=== EXERCISE ===
In the copy, keep every word of the data below and none of its pictures.

=== DATA SHOWN ===
<<<<

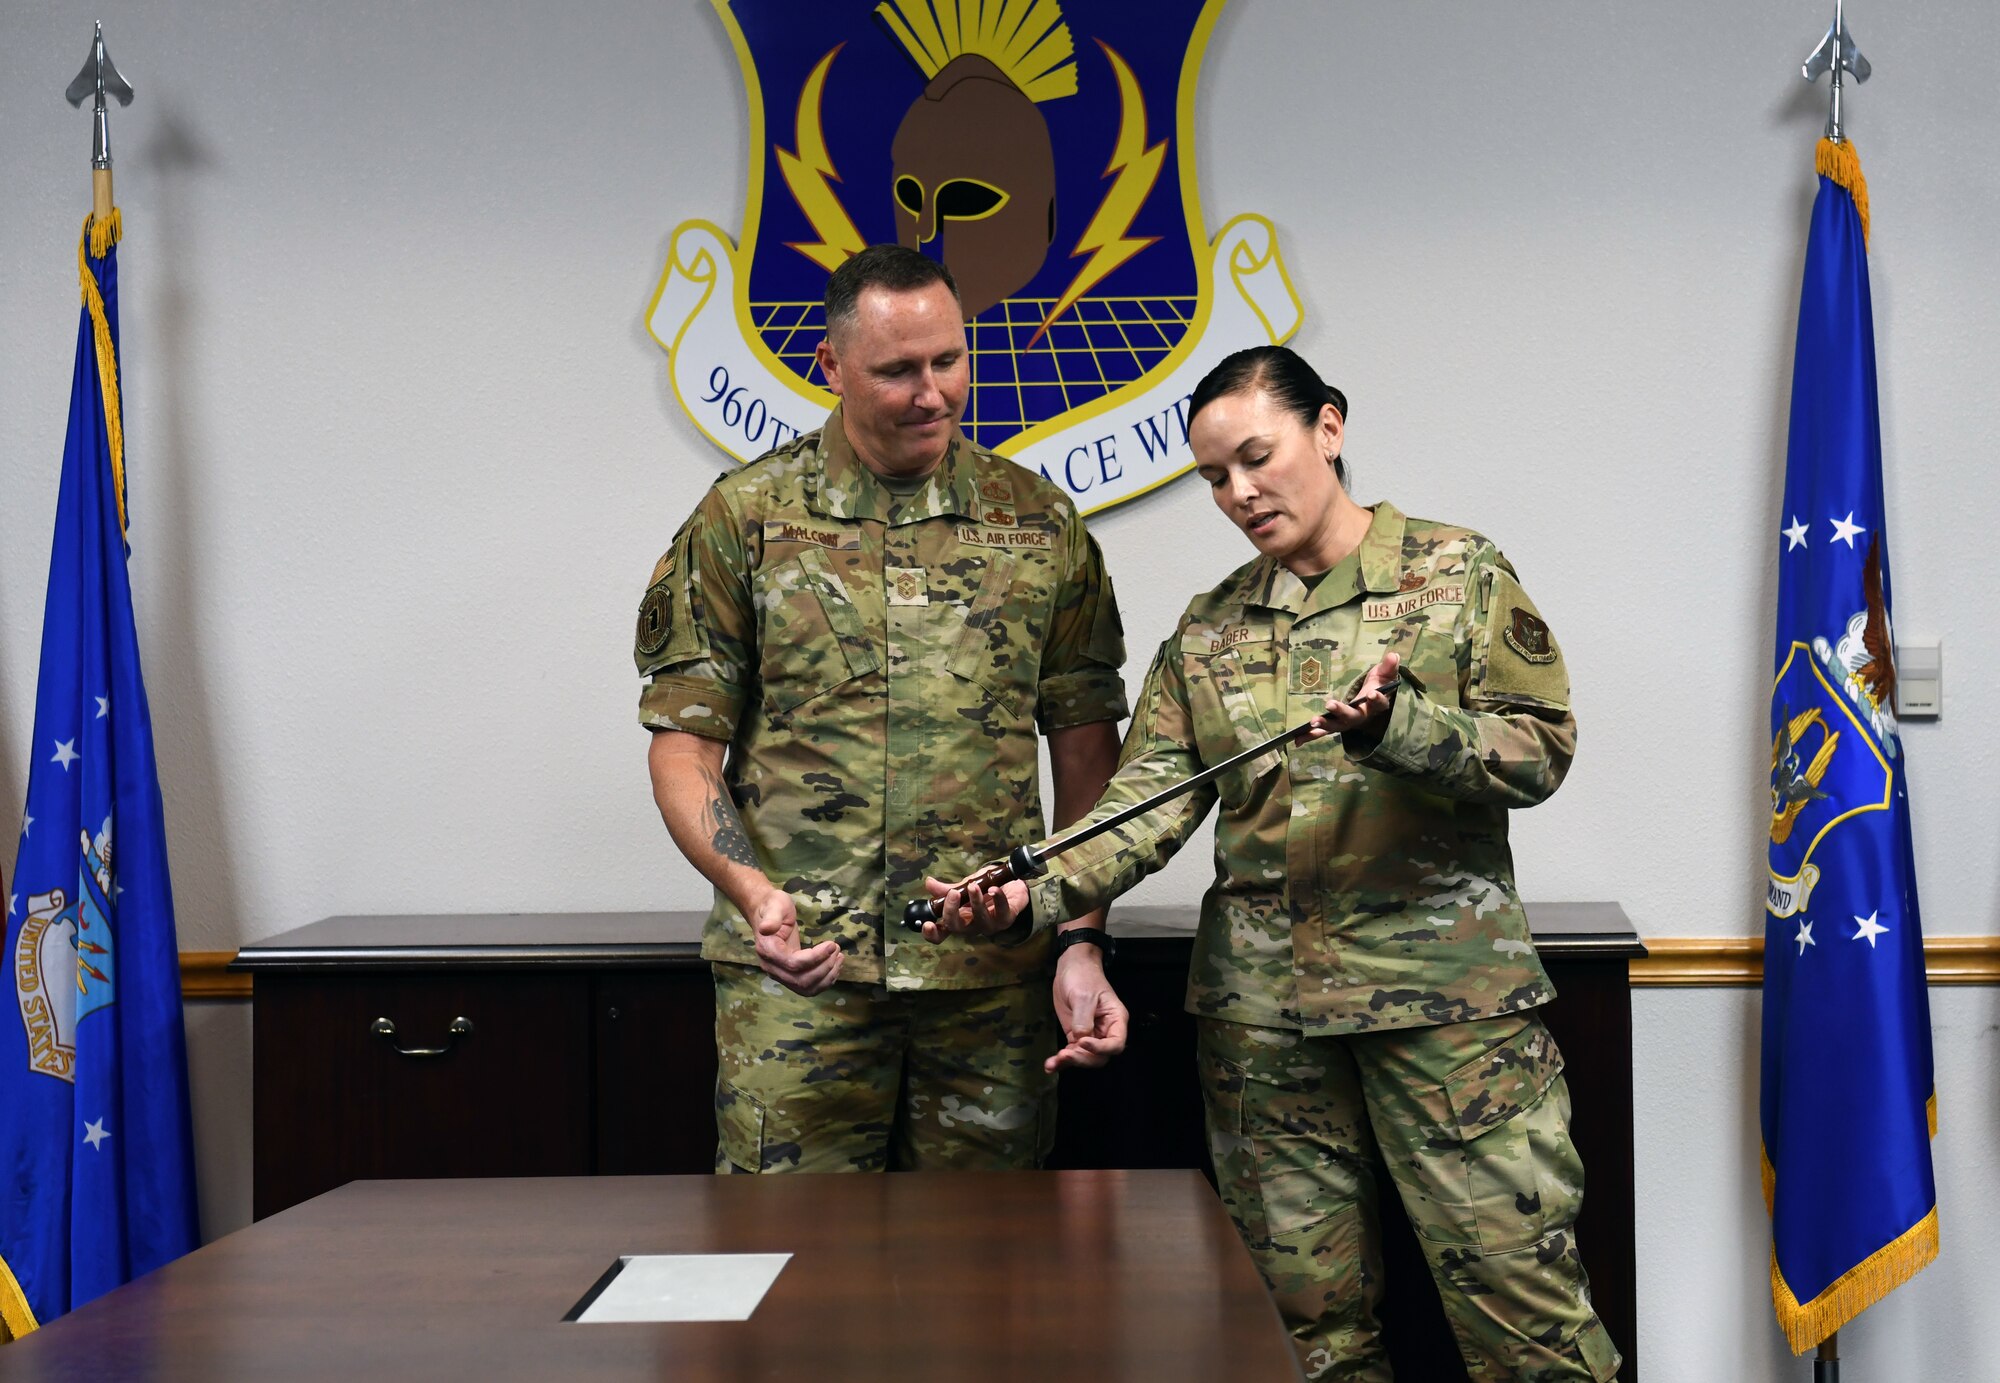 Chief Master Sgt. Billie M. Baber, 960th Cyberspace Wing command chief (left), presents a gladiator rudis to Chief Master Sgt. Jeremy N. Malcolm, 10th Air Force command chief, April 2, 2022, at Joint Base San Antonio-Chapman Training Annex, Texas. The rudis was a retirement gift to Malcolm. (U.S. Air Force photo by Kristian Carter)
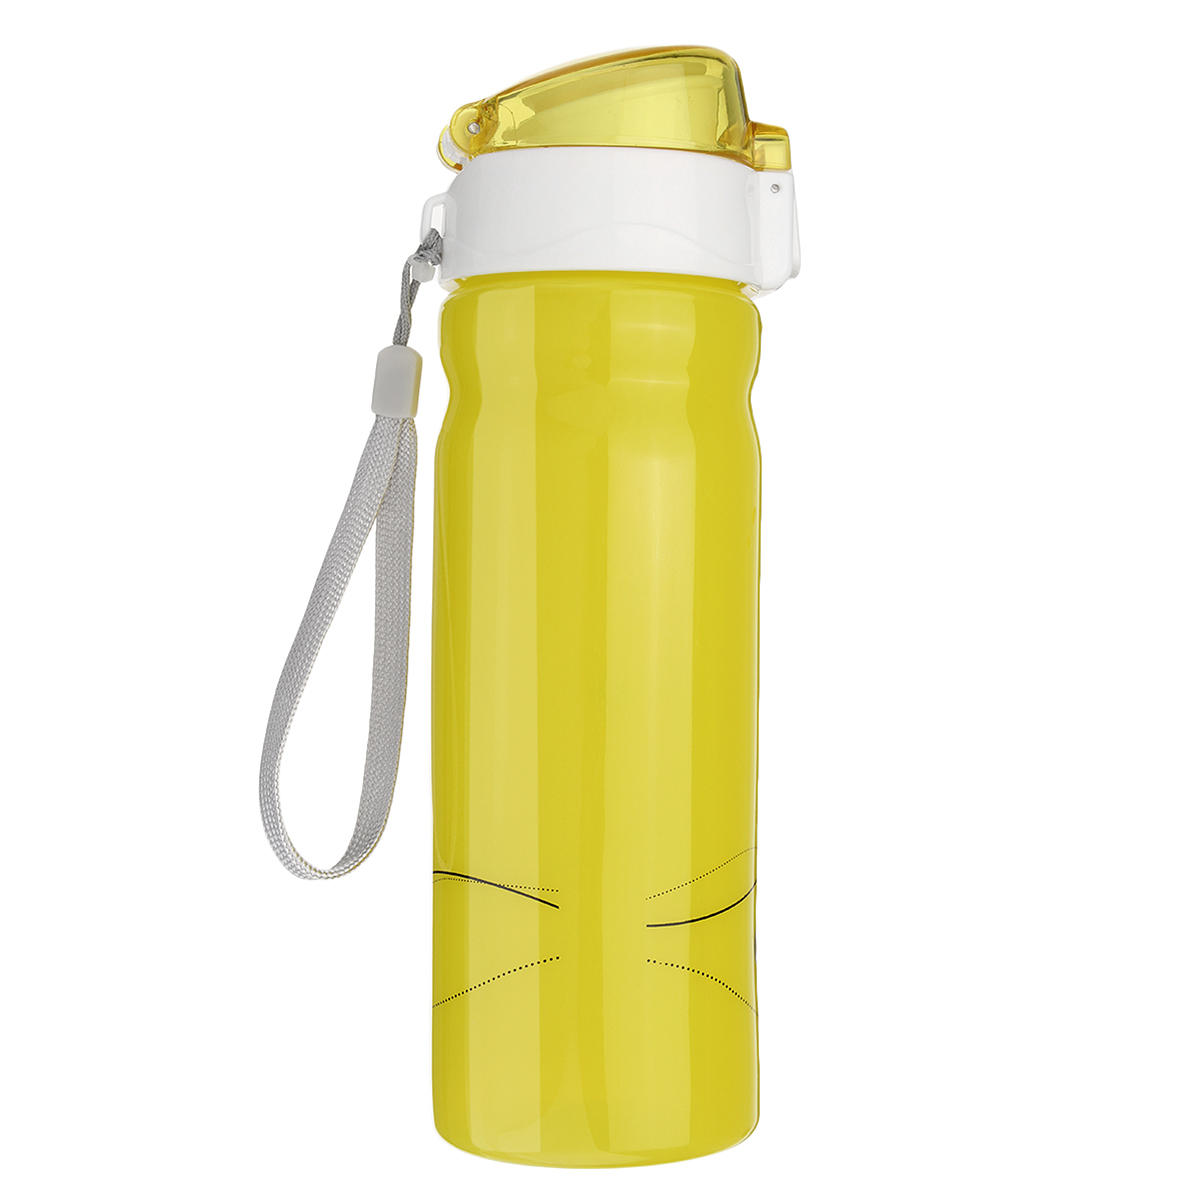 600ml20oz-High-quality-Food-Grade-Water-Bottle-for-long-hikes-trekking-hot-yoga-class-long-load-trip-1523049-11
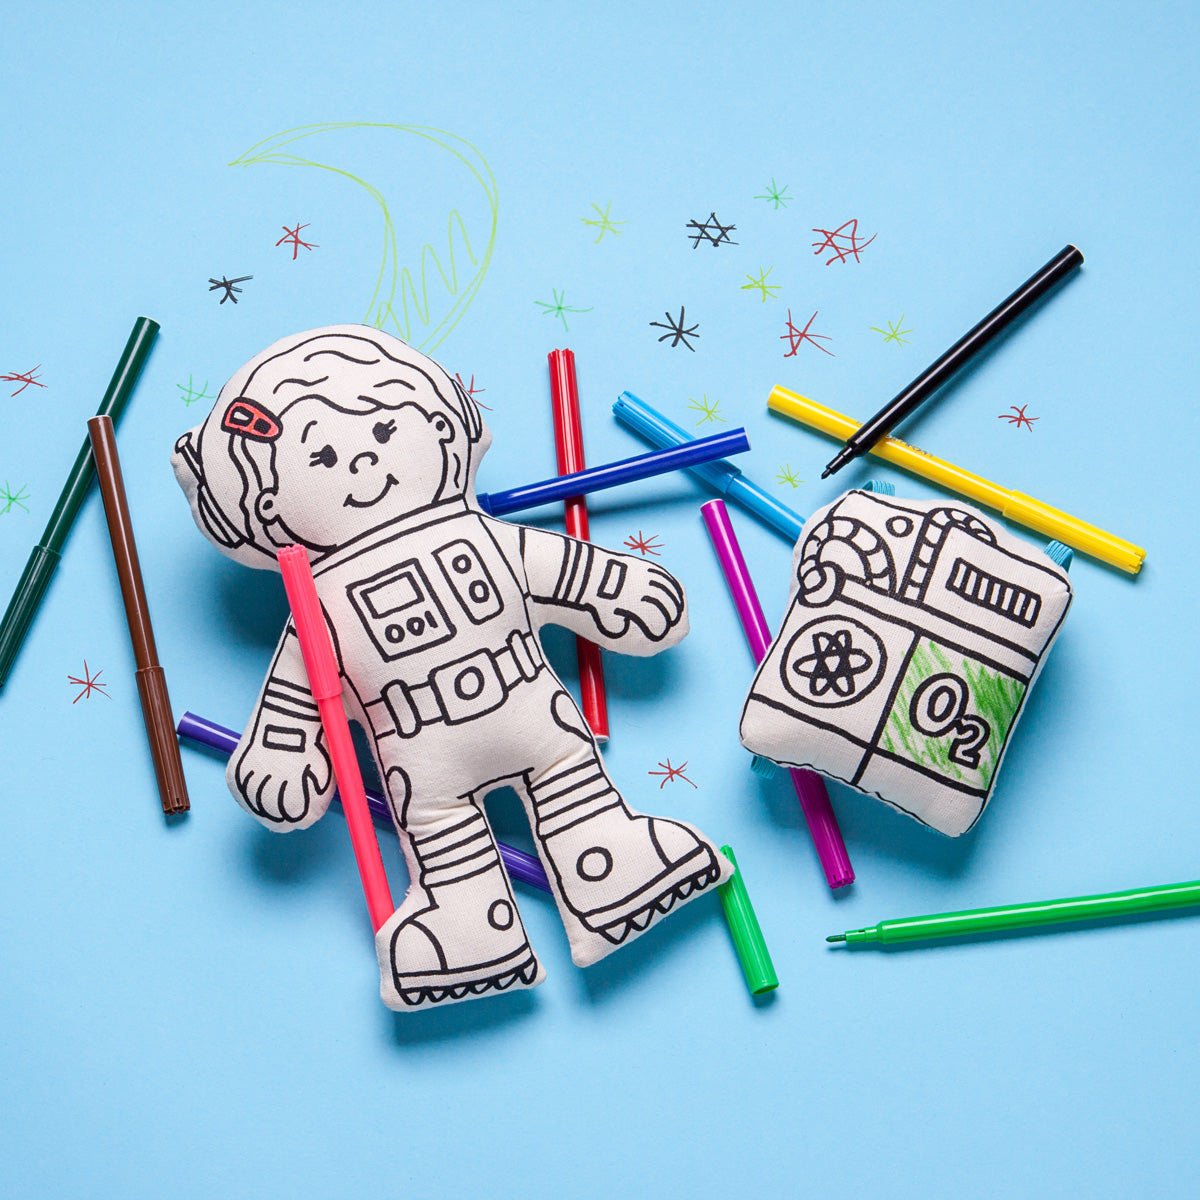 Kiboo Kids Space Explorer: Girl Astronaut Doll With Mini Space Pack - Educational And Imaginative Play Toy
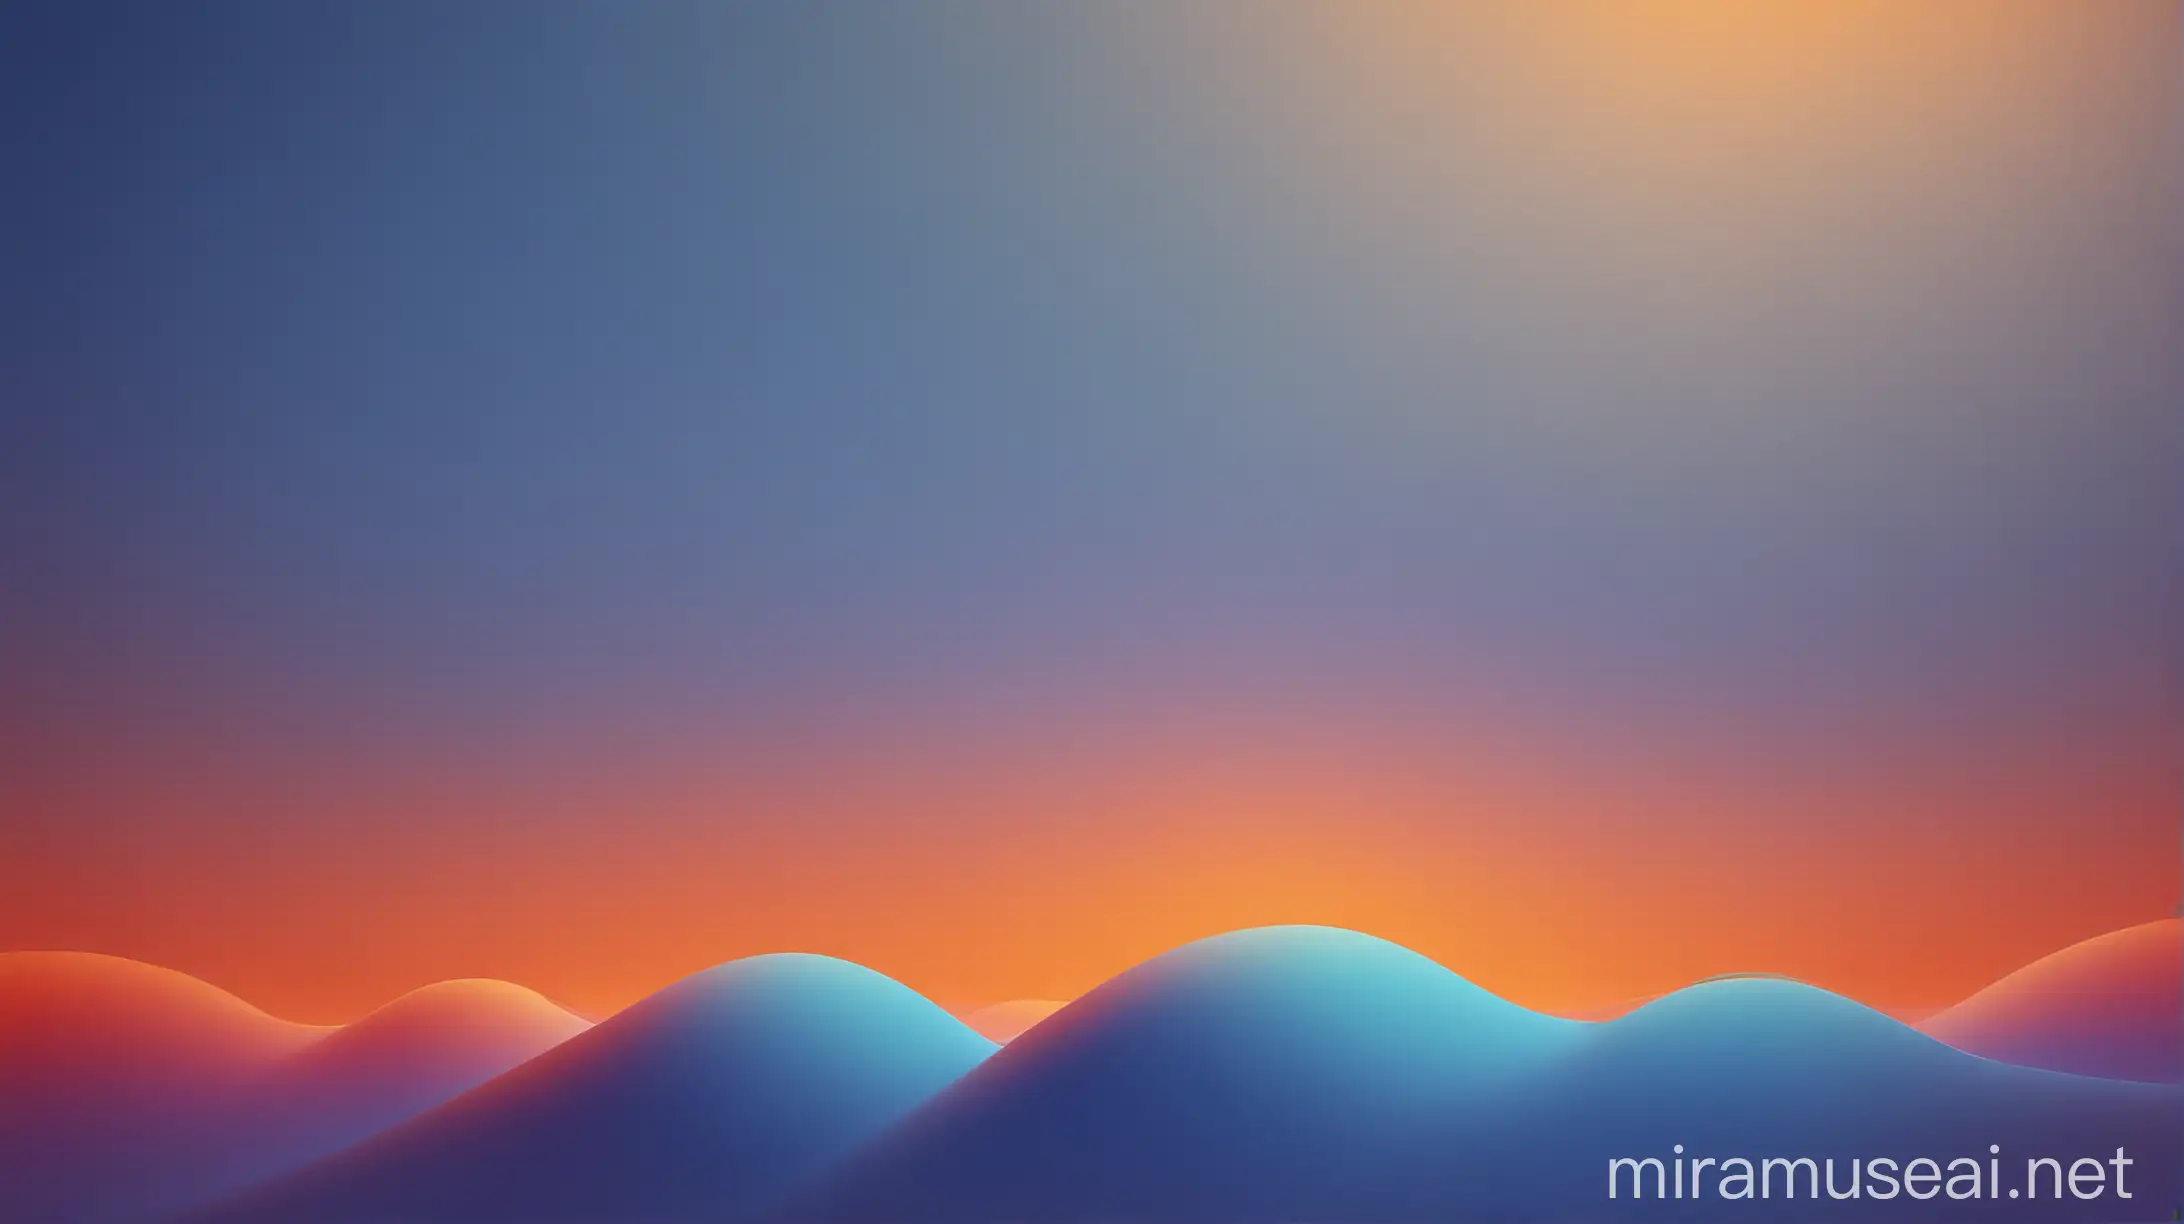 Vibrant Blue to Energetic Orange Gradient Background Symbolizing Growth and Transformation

>>>>

=== SOLUTION TO THIS EXERCISE ===
 Chief Master Sgt. Billie M. Baber, 960th Cyberspace Wing command chief (left), presents a gladiator rudis to Chief Master Sgt. Jeremy N. Malcolm, 10th Air Force command chief, April 2, 2022, at Joint Base San Antonio-Chapman Training Annex, Texas. The rudis was a retirement gift to Malcolm. (U.S. Air Force photo by Kristian Carter)
 600ml20oz-High-quality-Food-Grade-Water-Bottle-for-long-hikes-trekking-hot-yoga-class-long-load-trip-1523049-11
 Kiboo Kids Space Explorer: Girl Astronaut Doll With Mini Space Pack - Educational And Imaginative Play Toy
 Vibrant Blue to Energetic Orange Gradient Background Symbolizing Growth and Transformation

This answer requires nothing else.